Trial Information

Hereditary Nonpolyposis Colorectal Cancer in Taiwan－Related Genetic Study and Clinical Applications

HNPCC is an autosomal dominant disease that is clinically characterized by the development
of colorectal cancer (CRC) at an early age (mean age 44 years old). Four genes have been
known to be related to this hereditary disease. It shows an excess of synchronous and
metachronous tumors as well as a preponderance of right-sided tumors (70%). Another feature
has been seen among the families of the HNPCC patients is the occurrence of adenocarcinomas
at other sites (particularly at the endometrial, ovary, stomach, pancreas, ureter, renal
pelvis, and skin). Difficulties arise in distinguishing environmental factors and genetic
predisposition for familial clustering of CRC. The discovery of HNPCC germline mutations has
been momentous in that it enables a clear distinction between carriers and noncarriers for
those who were previously assigned a 50% risk of germline mutation. The informed consent
provided by patients is important for the process of familial study and the search for
germline mutations, these will further provide information for education and counseling.

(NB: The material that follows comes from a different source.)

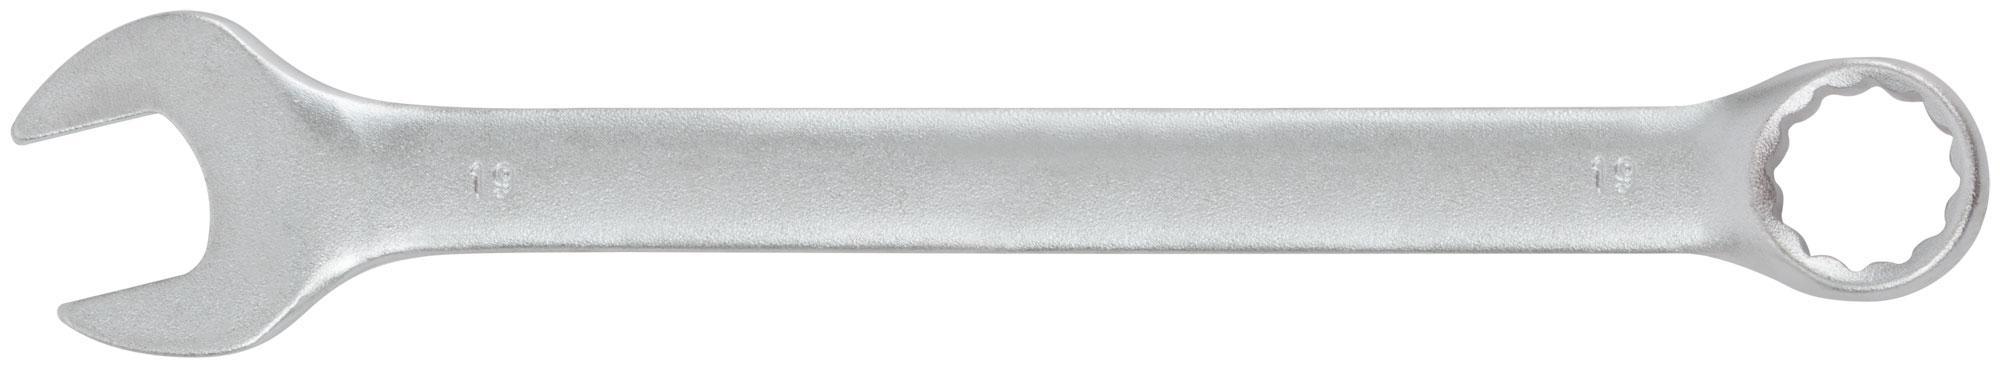 Ключ гаечный комбинированный Fit 63259 (19 мм) ключ комбинированный kraft 14 мм кт 700508

HNPCC has been reported to be responsible for about 1% to 13% of all CRC. The frequency of
HNPCC varies by geographical areas. The true incidence of HNPCC in Taiwan area is unclear.
From year 1995 to 2000, 50 out of 4500(1.1%) patients were HNPCC according to the Amsterdam
I criteria. MMR gene databases are crucial to understand the relationship between genotype
and phenotype. Kindred sharing the same mutations but living in different places will
provide the information to assess the contribution of environmental factors to colorectal
carcinogenesis. The related clinical and basic researches are thus important for
understanding the mutation spectrum of MMR genes, interaction between oncogenes, tumor
suppressor genes, and roles of genetic polymorphisms in modifying MMR genes in Taiwan.